My first reaction to this was... isn't WebRTC a security liability?  I have a plugin for my browser that blocks WebRTC, unless I want to run it, because it can expose your IP address, even through a VPN tunnel (similar to how Shoutcast exposes it).  This is not a bug that WebRTC intends to patch.  They say it is foundational to the technology.

When I read that LL is working on preventing that kind of leakage with a firewall, though, I was relieved.  I have no problem running their WebRTC, if the security concerns are addressed.

My second thought is:  Can we use this for live music?  What's the sample rate like?  I mean, I know it's better than Vivox, but Vivox's sample rate is somewhere between 4khz and 48khz, so that's a very low bar.  If the WebRTC sample rate beats Icecast, and similar shoutcast stream provicers, then we can ditch shoutcast and just use voice to run concerts, in real time, without the annoying 30 second lag, and without sharing my IP address with everybody in the club!  I wonder, if the latency is low enough, maybe this would allow us to do sing alongs, in real time?  Imagine a crowded SL club singing Do-Wah-Diddy-Diddy together.  That would just be fun.  Or imagine Rocky Horror, with real time, live callbacks!

Just to set the bar for this:  Icecast streams at 256khz.  It may be possible to perform at lower sample rates, like 128khz, I don't know, I haven't tried.

One other concern:  WebRTC has built in noise cancellation.  That feature may be an issue for this as a performance medium.  No musician wants human voice tuned noise cancellation to muffle their guitar, or piano, when their instrument makes sounds outside the normal human vocal range.  That's why I buy expensive microphones, like the SM-57.  It won't distort my guitar with noise cancellation, so all distortions in my performance are deliberate distortions, that I put there, using my software, and my audio interface.

 

Edited by Bubblesort Triskaidekaphobia
Fixed some awkward wording and inserted a link to WebRTC, at the start of the post, for clarity
  • Like 1
Link to comment
Share on other sites

2 hours ago, Bubblesort Triskaidekaphobia said:

limited to 50 avatars in a region

It supports 100 in a region, 50 in ad-hoc calls.

2 hours ago, Bubblesort Triskaidekaphobia said:

My first reaction to this was... isn't WebRTC a security liability?  I have a plugin for my browser that blocks WebRTC, unless I want to run it, because it can expose your IP address, even through a VPN tunnel (similar to how Shoutcast exposes it).  This is not a bug that WebRTC intends to patch.  They say it is foundational to the technology.

This isn't really relevant for us because the IP would only be exposed to LL. (Unless you're worried about an attack coming from LL, but that's a whole other discussion.)

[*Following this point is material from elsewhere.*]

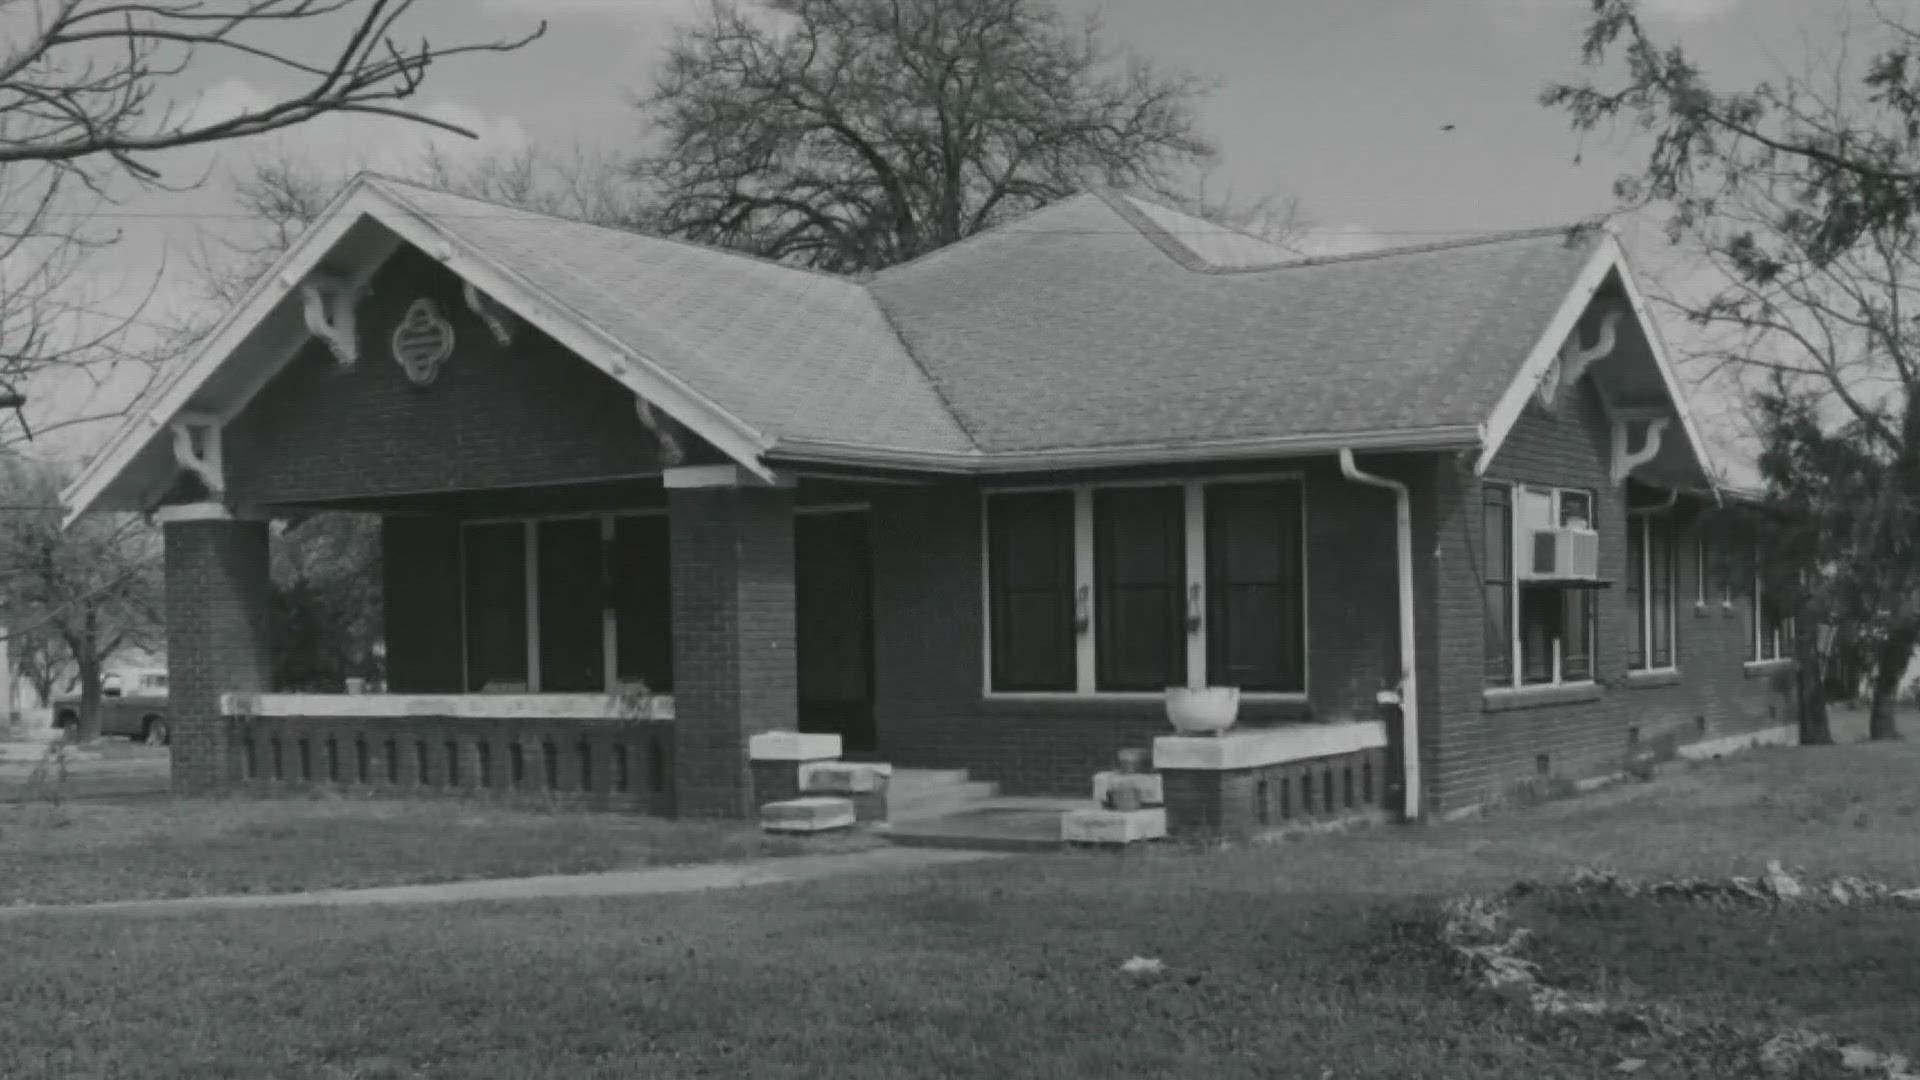 The L.B. Kinchion home in Belton, Texas was once a safe haven for Black celebrities.

Concerts happening through voice seems unlikely.

  • Thanks 1
Link to comment
Share on other sites

"Firewall"? "The IP would only be exposed to LL"? Clearly this won't be simple peer-to-peer but I'm not grokking the architecture here at all.

[EDIT: Okay, I finally read the SL Wiki article so I see the "relay" of the SL Voice Servers… which must be pretty clever beasts if listeners will be able to mix/mute separate audio sources within the region, which is kinda expected, right?]

But then I don't know anything about how Vivox works now either, and strive to keep all SL audio muted as much as possible. Still… internet sing-alongs? That's gotta need some synchronization magic beyond my ken to not end up sounding like an echoey Zoom call.

Edited by Qie Niangao
  • Like 2
Link to comment
Share on other sites

  • Lindens
On 3/25/2024 at 11:17 PM, Bubblesort Triskaidekaphobia said:

My first reaction to this was... isn't WebRTC a security liability?  I have a plugin for my browser that blocks WebRTC, unless I want to run it, because it can expose your IP address, even through a VPN tunnel (similar to how Shoutcast exposes it).  This is not a bug that WebRTC intends to patch.  They say it is foundational to the technology.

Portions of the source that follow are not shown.